Finding a Model Source
The recommended way to obtain a pre-converted GGUF model file is from the HuggingFace model hub from a reputable source.
Community Conversions
Reputable community members convert many popular models to GGUF and publish them on HuggingFace. When searching for a GGUF model, you can visit their HuggingFace profiles to find the model you're looking for.
Here's a list of recommended community members who convert models to GGUF:
- Michael Radermacher (
mradermacher
) - very high quality conversions, with a quality graph on the model pages - Bartowski (
bartowski
) - quick to convert new models
If you're a community member who converts many models to GGUF and would like to be added to this list, please open a PR to add yourself.
Model Providers
Some models are converted into GGUF by the model providers themselves.
For example, Google released a GGUF conversion of Gemma 2 themselves.
The advantages of obtaining models directly from the model provider include:
- It's a reputable source (assuming you know what you're looking for).

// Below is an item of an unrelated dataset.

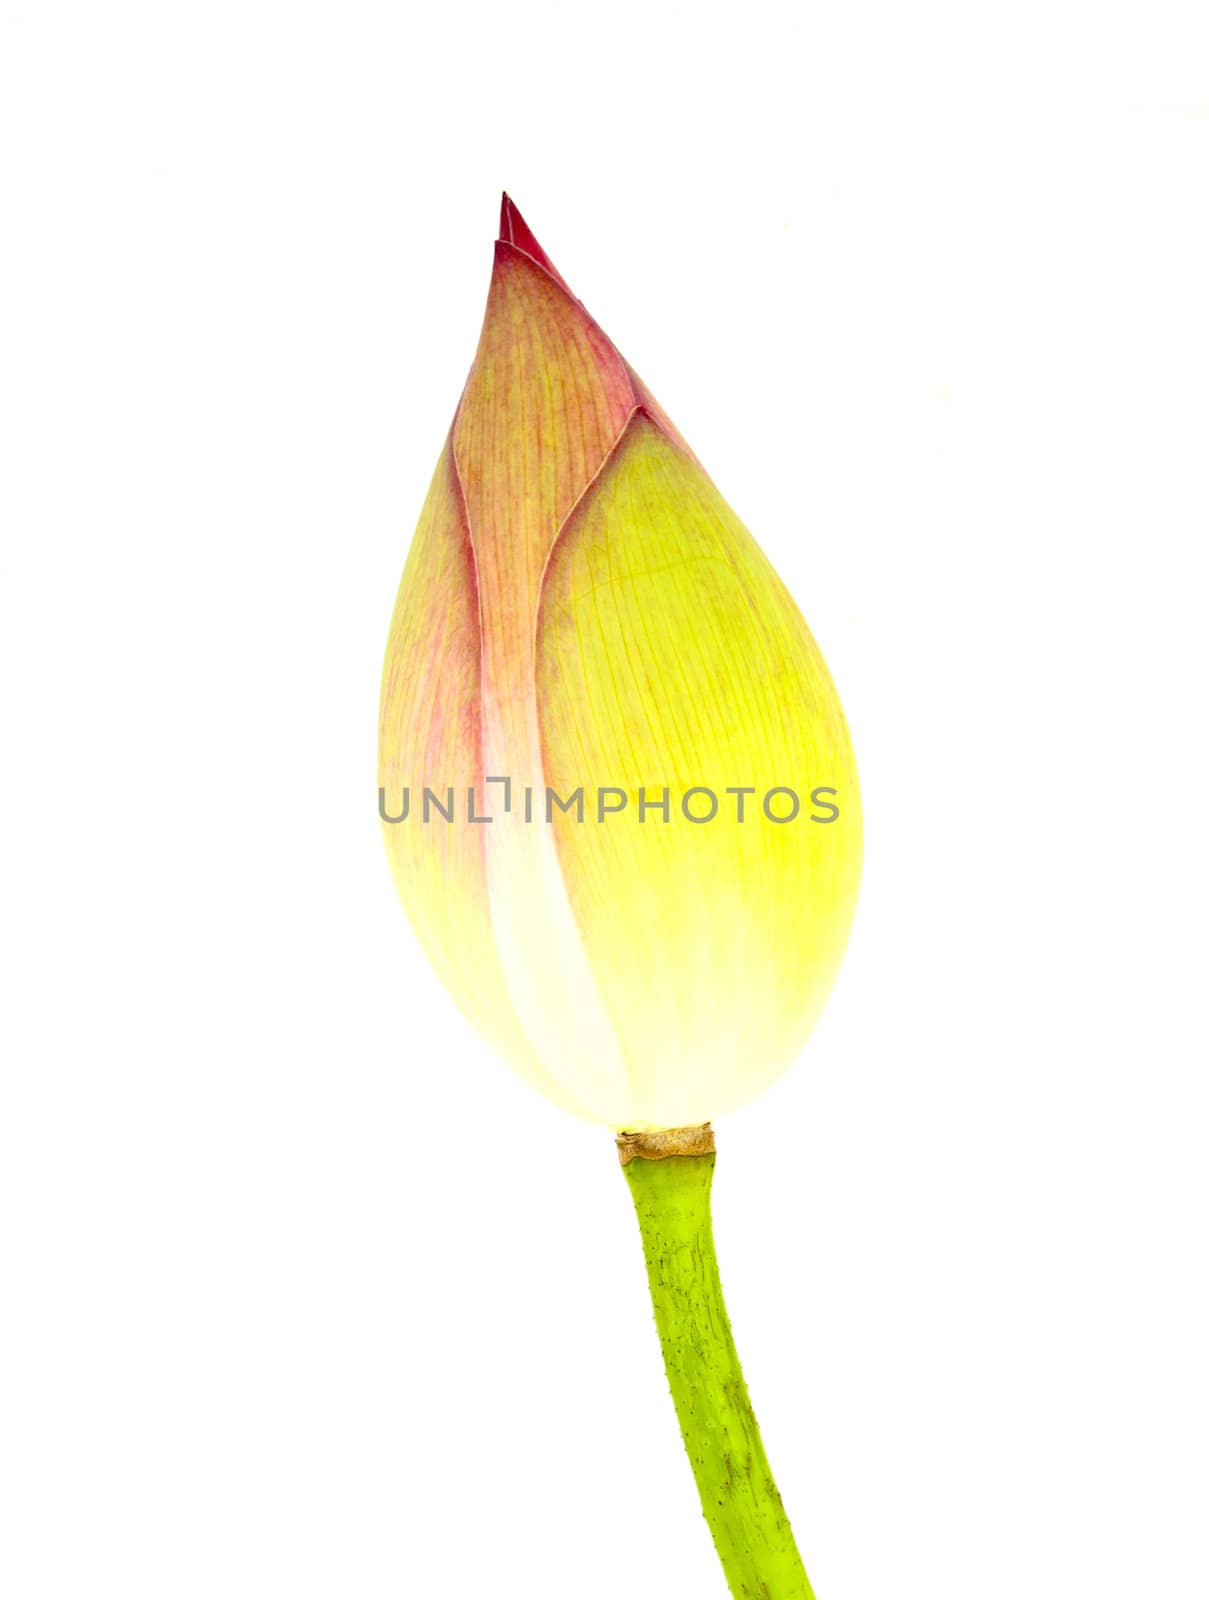 Bud lotus on white background
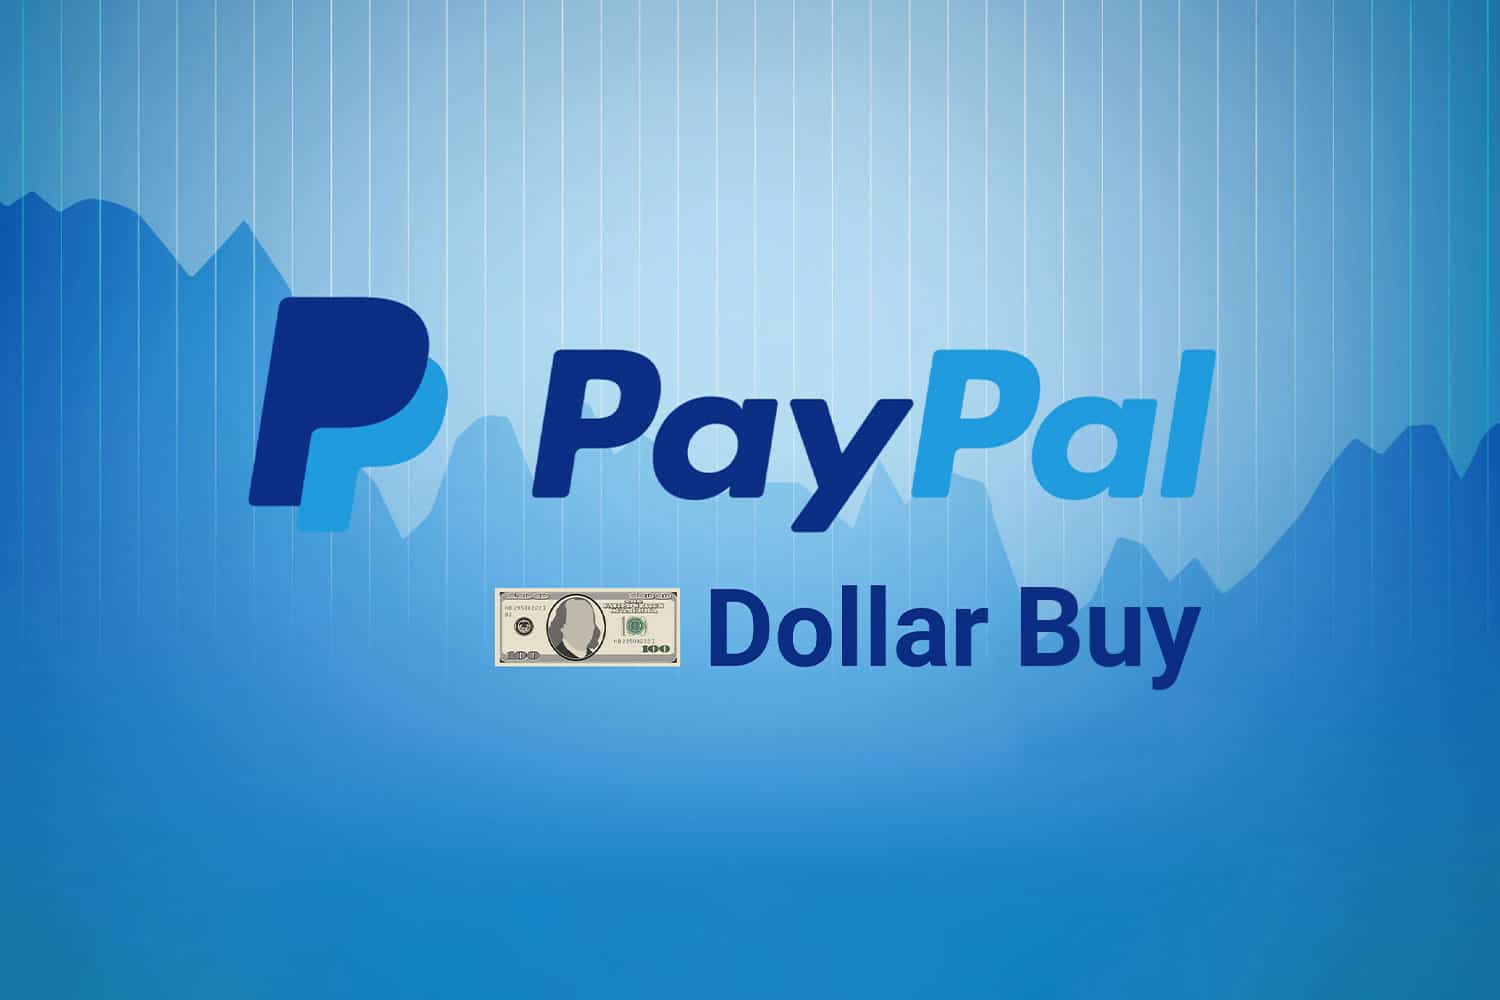 Paypal Dollar Buy And Sell In Bangladesh

- The model provider can ensure that the model performs as expected at the time of publishing.
The disadvantages of obtaining models directly from the model provider include:
- Sometimes the conversion is not up-to-date enough with the latest updates of
llama.cpp
, which can result in degraded performance compared to an up-to-date model conversion. - Some model providers lock their models behind a consent form, making them "gated models". This renders the models inaccessible without using an API token to download them, complicating their use in CI/CD and other automated workflows.
Choosing a Model
When choosing a model, consider the following:
What are your hardware capabilities? (CPU, GPU, VRAM, etc.)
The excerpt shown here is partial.